For what those persons hear, yes. I myself may say no. But 100% sure I (the software) influences the DAC. And each DAC, no matter brand or type, can be influenced the same, to the matter of people perceiving the same. No matter how USB asynchronously it is connected ...

The thread I referred to shows a case of things being influenced out of my control. However, this is only a sad side effect of software which is insufficiently in my control anyway. Oh, it is, but it just can't be kept under appropriate control for the things it has to do to these matters.
The software which just *is* under my control is the core audio engine I wrote (referred to as XXEngine3), and one of its means to influence "jitter" is its Q1 slider (better : the result of it).

Please take from me : *every* line of software code influences the sound. It just does and hundreds of people will testify for it (if you only believe my guarantee that what is output is always bit perfect ... which can just be measured :) ).

So, the, say, skill one has to have, is exploiting that "feature" in a controlled fashion, and XXEngine3 just does that. BUT, because really everything matters, the surrounding software just influences the same, or more "powerful" when there's too much of it. And the only control I have over that is eliminate it when possible.

Assuming you still (want to be) with me, what you see in the thread I referred to, is that a kind of overdose which was applied in the latest XXEngine3 version, is compensated by the explicit influence of other software, although *how* it influences is not under my control. I can let it run or just not, and in this case it must run (this is the difference between Attended (it runs) and Unattended playback (it runs not, and only the core audio engine is alive.

Things are as fragile as can be and in fact completely stupid to be so. But they are. And, as fragile as the influence applied is, the more the impact in the workout can exist. It can't be repeated enough : differences are one-second judgements (with some experience) within one player, coming in more versions though. All bit perfect.
Similar are the differences between the various players, and the least we can fairly state as true, is that when my one line of software influences sound, it's obviously explained why all players sound different.

Peter


PS: This could be for better and objective understanding : start laughing ... Buring audio CD while XX playing
 
I accept this point, BUT
one could take a DTS stream, write it into a wav file, and play it back as a PCM since the OS has no way of knowing what the data inside is. Indeed, this is a test I'm hoping someone here will try, as I don't have any DTS receiver.

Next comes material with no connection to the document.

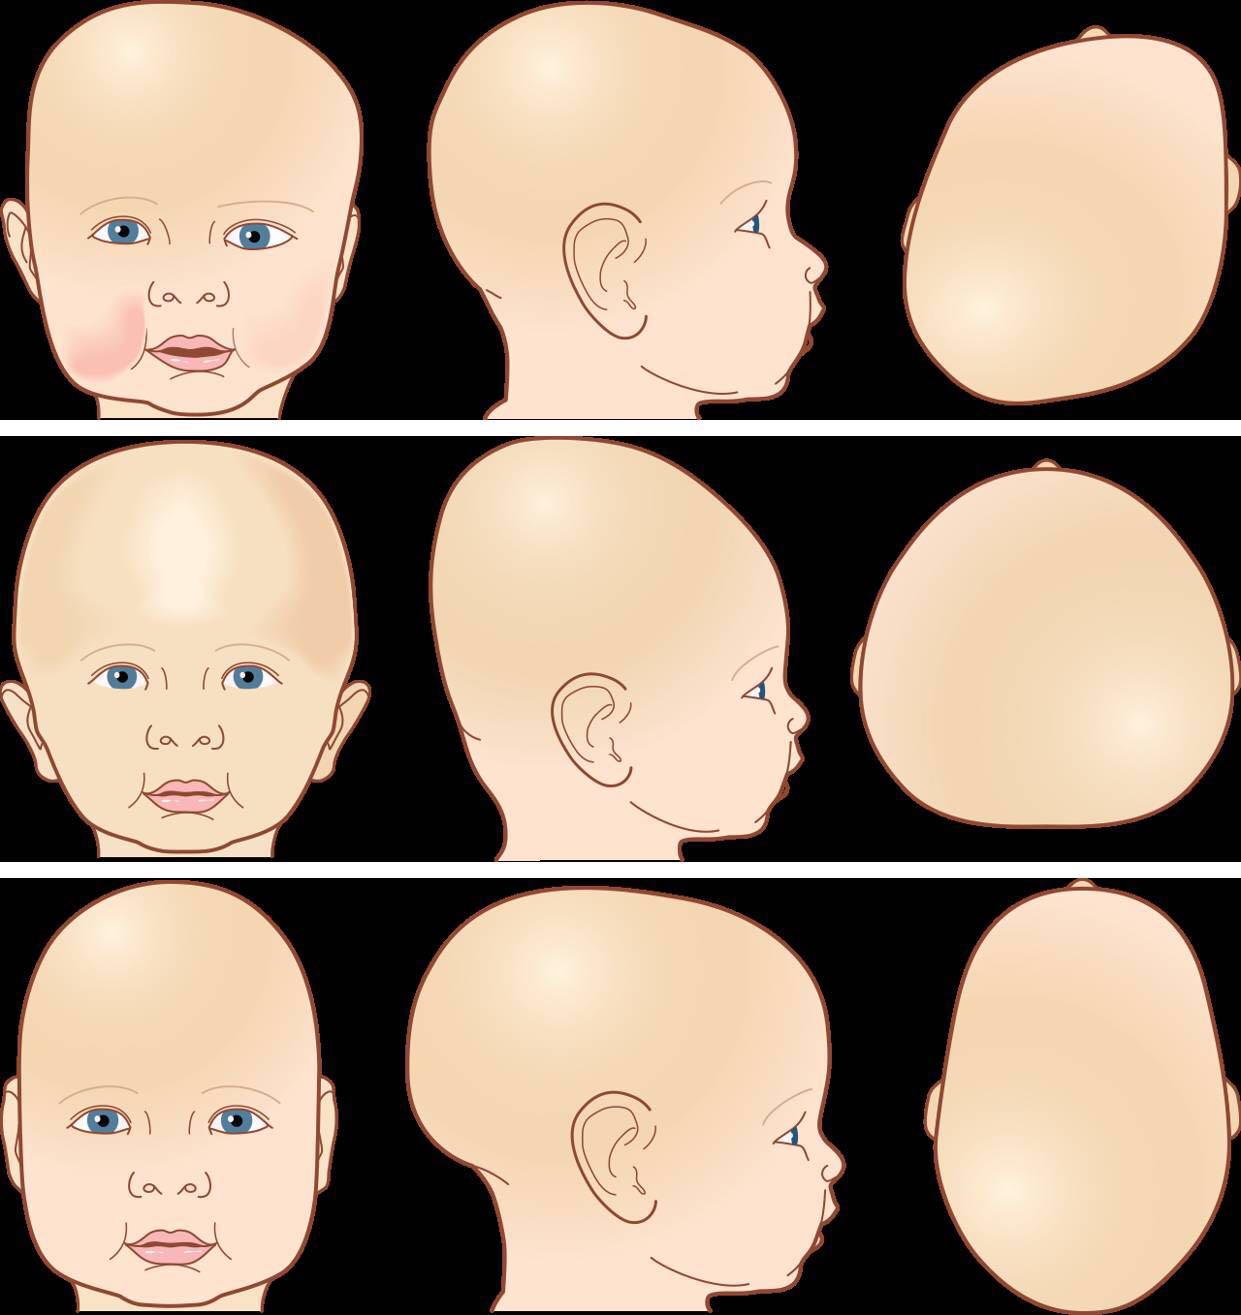 婴儿头颅异常的几种情况分析

I don't think this can be useful. When the stream is decoded (into PCM) there's no receiver applicable anymore, and nothing will show "green lights" for a properly encoded stream. This can just go into the amps for playback (I don't have a DTS receiver either, and decode DTS in software).
So, in the end nothing will prove bit perfectness. ;)

If your source music is 16 bit but the DAC and link 24 bit, then digital volume control will not cause distortion over a range of attenuation close to 50 dB, unless someone really botched the implementation.

I know, and I know it's not a problem. My point was : people knowing me and my ever expressing "no DSP !" must have kind of dropped from their chair when I introduced digital volume anyway which *is* a kind of DSPing.